April 7, 2024 - last updated
GenAI For Practitioners

Enhancing RAG performance using Hypothetical Document Embeddings (HyDE)

Gon Rappaport
Gon Rappaport

Solutions Architect

12 min read Feb 15, 2024


Discovering information on the internet is like a treasure hunt, and the key to success lies in search engines. One innovative technique in this quest is “HyDE” – Hypothetical Document Embeddings. It’s like a clever assistant for search engines, enhancing their ability to find information with precision. Think of it as a helper that crafts imaginary documents based on your questions, turning them into special codes to uncover real, relevant information. 
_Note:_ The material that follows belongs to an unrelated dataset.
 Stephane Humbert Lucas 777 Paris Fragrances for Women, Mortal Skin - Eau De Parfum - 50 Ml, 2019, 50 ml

The magic of HyDE is that it doesn’t need a massive list of examples; rather it adapts and refines searches on the fly. It’s like a superhero sidekick ensuring your internet searches are not just efficient but also spot-on! 

What is the challenge of dense retrieval? 
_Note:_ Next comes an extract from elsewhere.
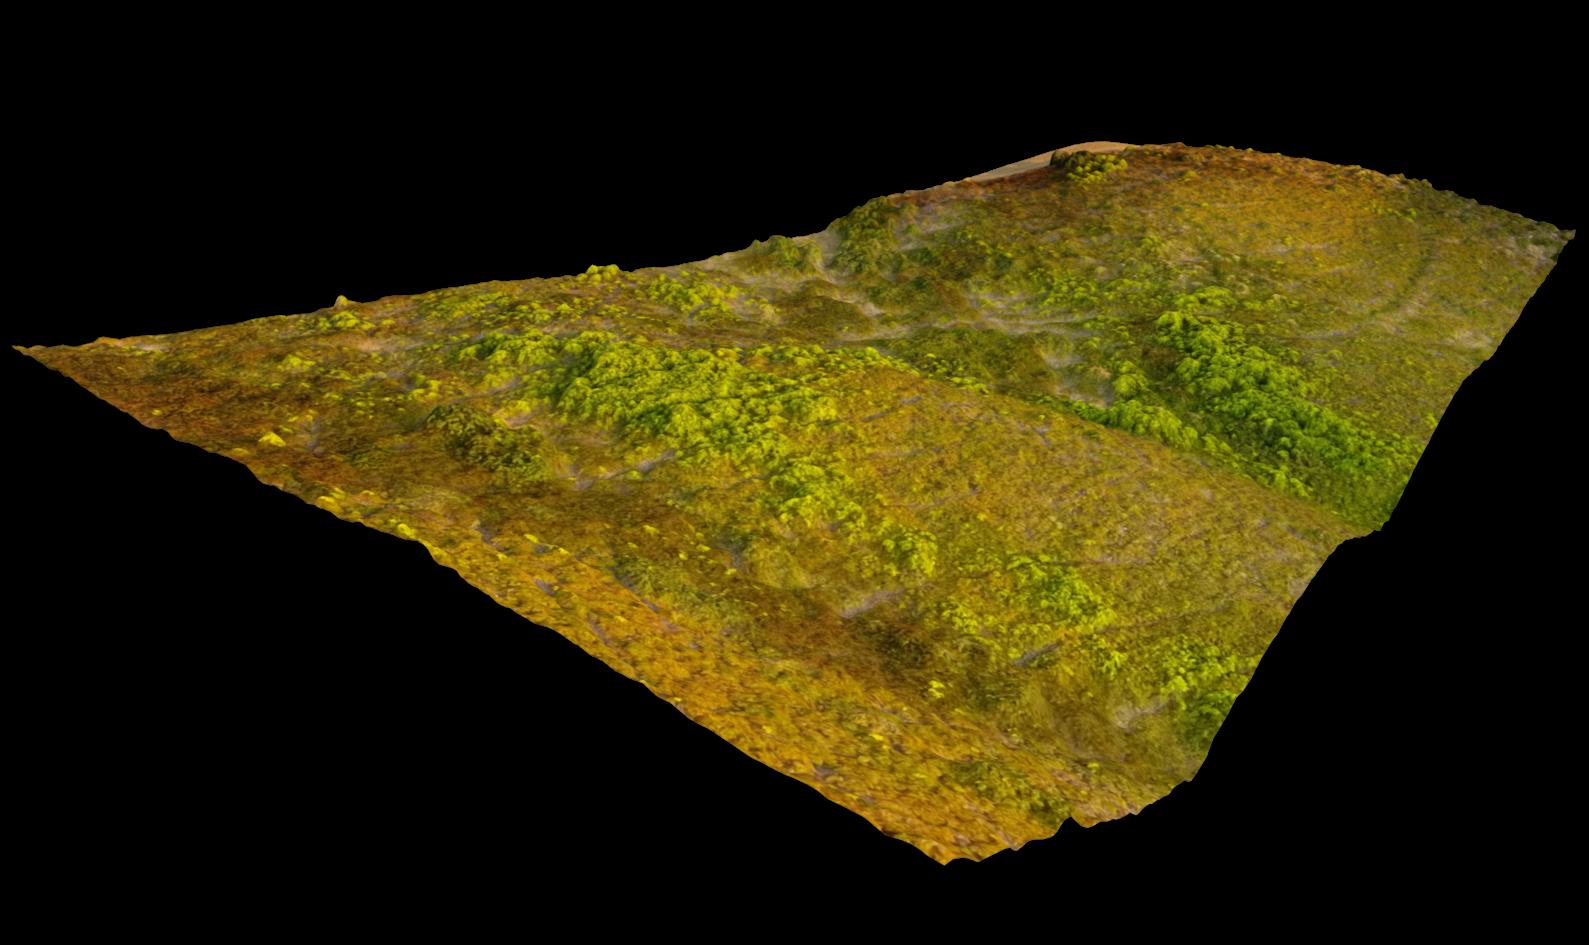 3D_Model_Mesh_Surface_Aerial_Shot.png

Across a wide range of tasks and languages, dense retrieval—a method used by search engines to identify pertinent content by analyzing their semantic similarities has demonstrated considerable potential. Nonetheless, developing completely zero-shot dense retrieval systems without any relevant labels has proven to be extremely difficult. Traditional methods rely on supervised learning, necessitating a sizable labeled example dataset to train the model properly.

What is HyDE? 

HyDE, or Hypothetical Document Embeddings, is an approach that uses a Language Learning Model (similar to ChatGPT) to generate a theoretical document when answering a question. Instead of directly searching for answers in a database, it takes it a step further by using an unsupervised encoder, which is a special kind of learning method to turn the theoretical document into a unique code (embedding vector). This code helps find similar documents in a database by focusing on similarities between different answers rather than the questions themselves.

HyDE doesn’t just look for similar questions and answers. It understands the content it generates and finds answers based on how similar they are to other answers, making it effective in tasks like web search, question answering, and fact-checking.

You wouldn’t have realized, but must have depended more and more on HyDE. With a specific focus on enhancing the retrieval of relevant documents, the strategy aims to improve document retrieval. 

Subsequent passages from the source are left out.